The work done to lift the load is given by:
\[
W_{\text{gravity}} = mgh
\]
where:
- $ m = 2500 \, \text{kg} $ (mass of the load)
- $ g = 9.81 \, \text{m/s}^2 $ (acceleration due to gravity)
- $ h = 25.0 \, \text{m} $ (height)

So,
\[
W_{\text{gravity}} = 2500 \times 9.81 \times 25.0 = 612,625 \, \text{J}
\]

#### 2. Work done to accelerate the system:

The work done to accelerate the mass is given by:
\[
W_{\text{kinetic}} = \frac{1}{2}mv^2
\]
where:
- $ m = 10,000 \, \text{kg} $ (total mass being accelerated)
- $ v = 4.00 \, \text{m/s} $ (final velocity)

So,
\[
W_{\text{kinetic}} = \frac{1}{2} \times 10000 \times (4.00)^2 = 80,000 \, \text{J}
\]

#### 3. Total work done:

The total work done by the motor is the sum of the work against gravity and the work to accelerate the system:
\[
W_{\text{total}} = W_{\text{gravity}} + W_{\text{kinetic}} = 612,625 + 80,000 = 692,625 \, \text{J}
\]

#### 4. Power output:

Power is the rate of doing work, so:
\[
P = \frac{W_{\text{total}}}{t}
\]
where $ t = 12.0 \, \text{s} $.

\[
P = \frac{692,625}{12.0} = 57,718.75 \, \text{W}
\]

So, the useful power output is **57,718.75 W**.

### Part (b): Cost of Electricity

Given:
- Power output = $ 57,718.75 \, \text{W} $
- Cost per kWh = \$0.0900

First, convert the power to kilowatts:
\[
P = 57.71875 \, \text{kW}
\]

Assuming the power is used for 1 hour, the cost is:
\[
\text{Cost in dollars} = P \times 1 \, \text{h} \times 0.0900 \, \text{\$/kWh} = 57.71875 \times 0.0900 = 5.1946875 \, \text{\$}
\]

Convert to cents:
\[
\text{Cost in cents} = 5.1946875 \times 100 = 519.46875 \, \text{cents}
\]

So, the cost is **519.47 cents** (rounded to two decimal places).

Would you like more details or have any questions?

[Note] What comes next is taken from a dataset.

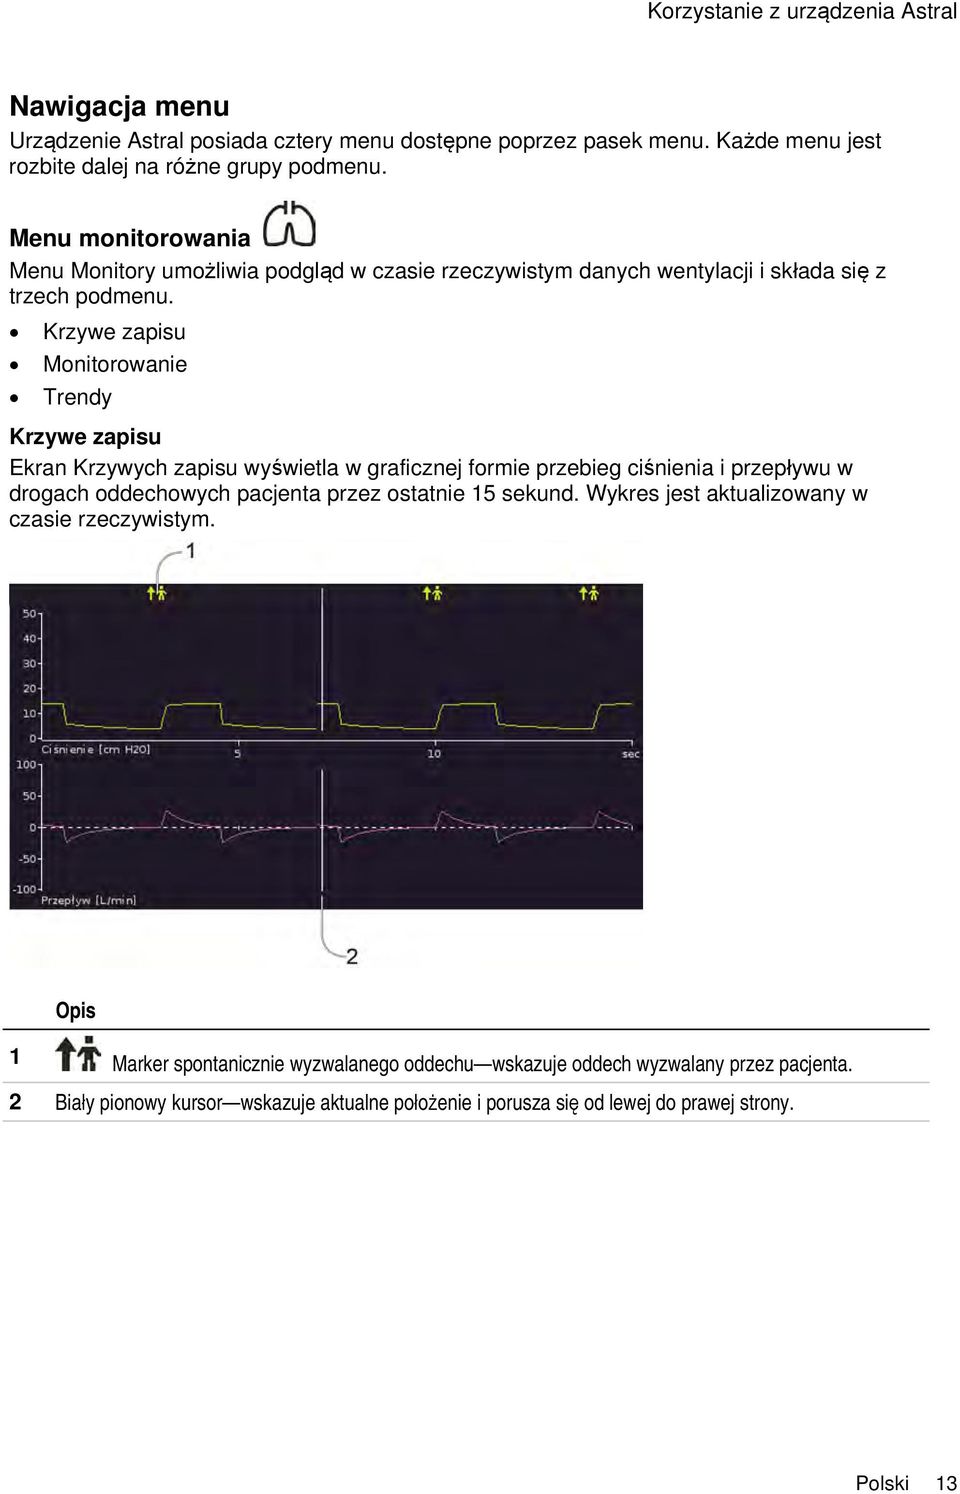 Krzywe zapisu Monitorowanie Trendy Krzywe zapisu Ekran Krzywych zapisu wyświetla w graficznej formie przebieg ciśnienia i przepływu w drogach oddechowych pacjenta przez ostatnie

Here are 8 related questions:
1. How would the power output change if the height lifted was 50.0 meters?
2. What would be the power output if the load was increased to 3000 kg?
3. How does increasing the time to 20.0 seconds affect the power output?
4. What is the cost of electricity if the motor runs for 2 hours instead of 1?
5. How would the calculation change if the velocity increased to 6.00 m/s?
6. What is the significance of the counterbalanced mass in this scenario?
7. How would the power output be affected if the motor had 90% efficiency?
8. What is the energy consumption in kWh for a 24-hour operation?

**Tip:** Always ensure to account for all forces acting on a system (e.g., gravity and acceleration) when calculating power and work.

Learn how to calculate the useful power output of an elevator motor lifting a load and accelerating a system, along with the cost of electricity consumed. Includes step-by-step calculations and formulas for work, energy, and power.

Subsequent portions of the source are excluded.